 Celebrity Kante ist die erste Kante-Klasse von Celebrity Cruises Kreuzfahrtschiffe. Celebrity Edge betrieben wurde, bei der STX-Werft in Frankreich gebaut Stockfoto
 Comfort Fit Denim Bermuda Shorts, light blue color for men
---
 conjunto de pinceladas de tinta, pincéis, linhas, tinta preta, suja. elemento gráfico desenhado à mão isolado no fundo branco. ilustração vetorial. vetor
* * *
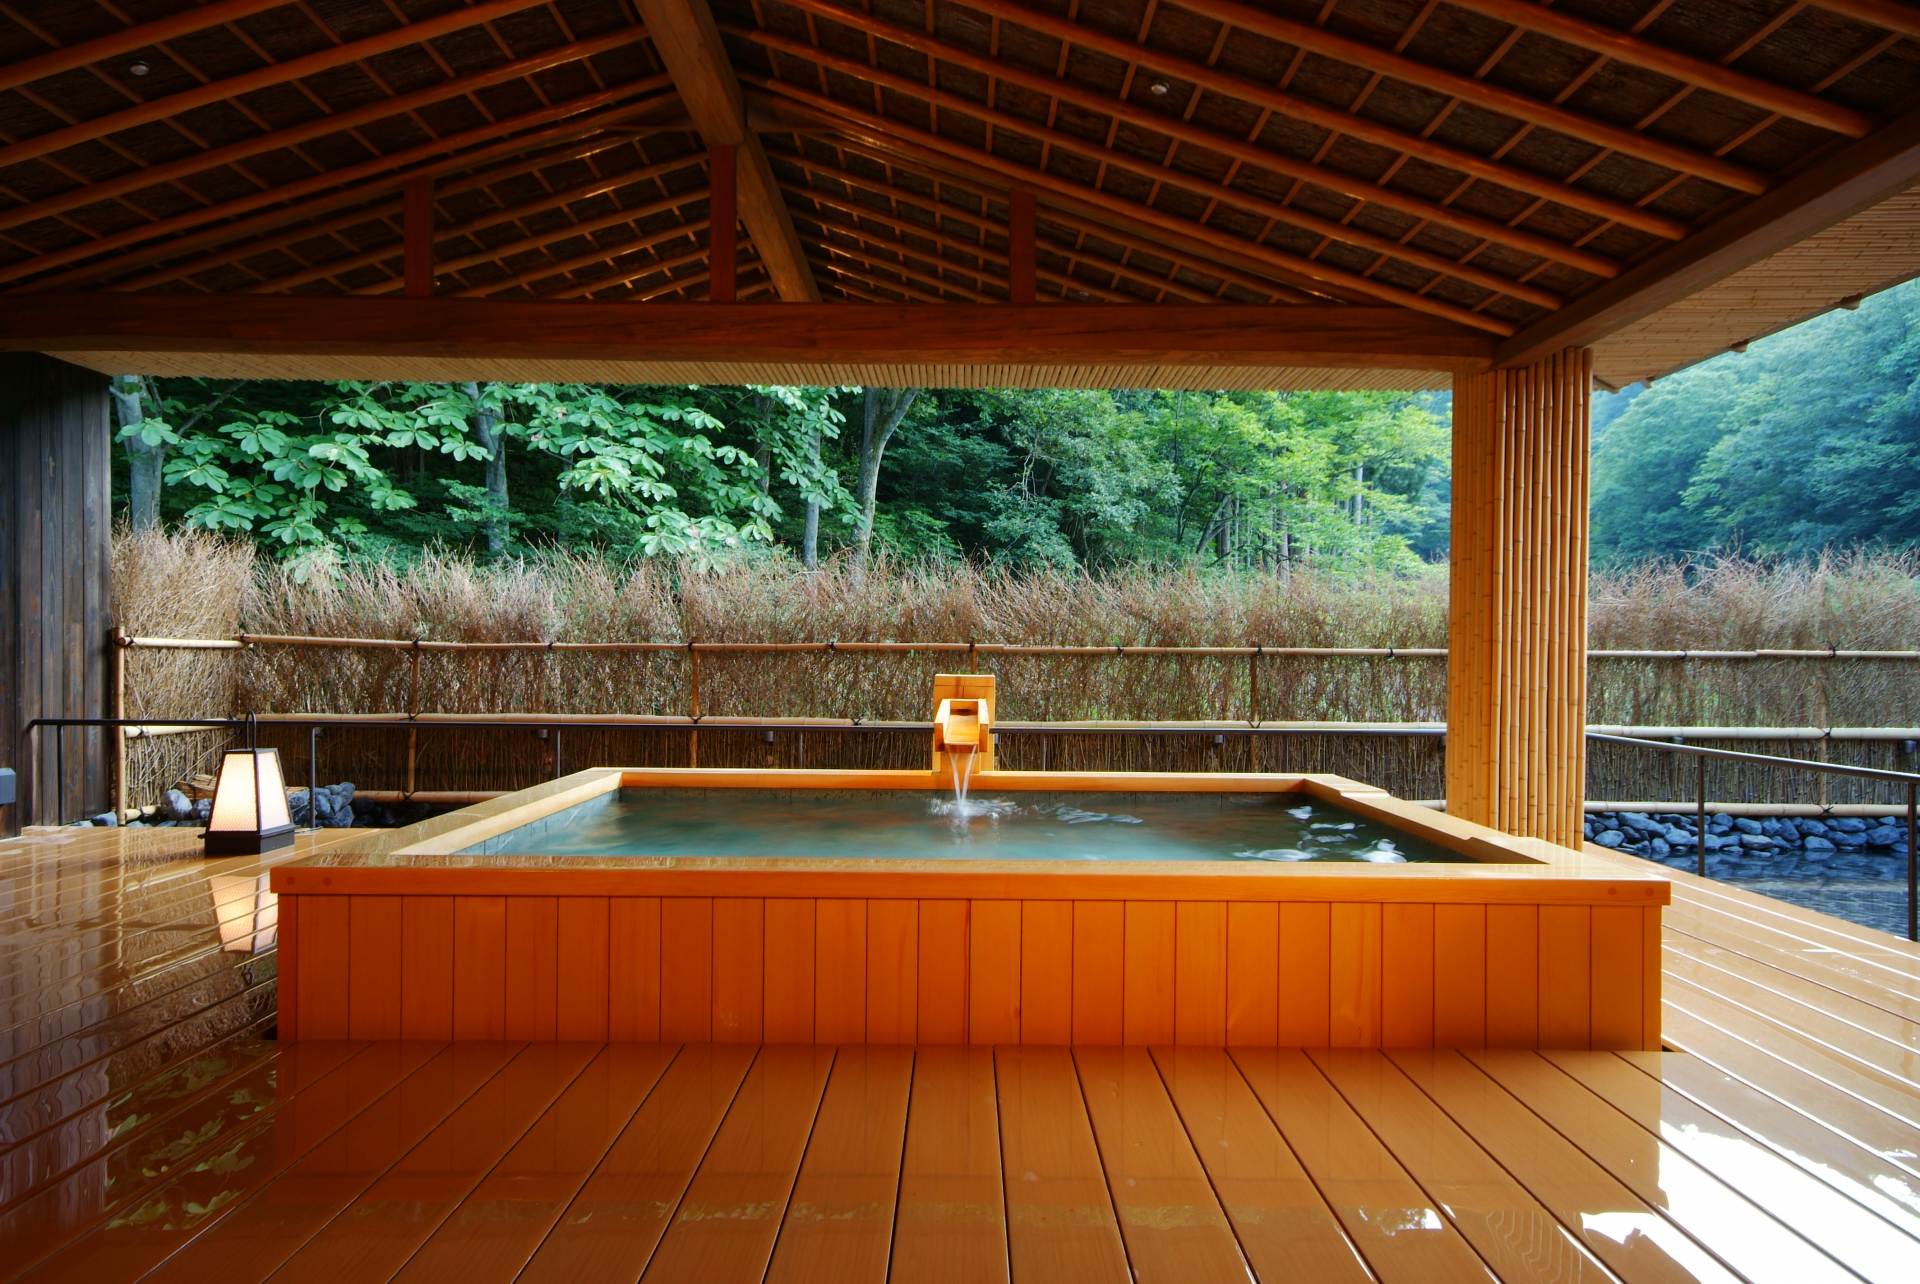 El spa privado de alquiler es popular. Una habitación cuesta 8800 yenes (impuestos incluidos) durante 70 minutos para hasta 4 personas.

### YOUR INSTRUCTIONS
In the listing above, find the line with "Celebrity Kante ist" and the line with "Comfort Fit Denim", then print exactly those two lines and every line between them, and nothing more.

### COMPLETED TASK
 Celebrity Kante ist die erste Kante-Klasse von Celebrity Cruises Kreuzfahrtschiffe. Celebrity Edge betrieben wurde, bei der STX-Werft in Frankreich gebaut Stockfoto
 Comfort Fit Denim Bermuda Shorts, light blue color for men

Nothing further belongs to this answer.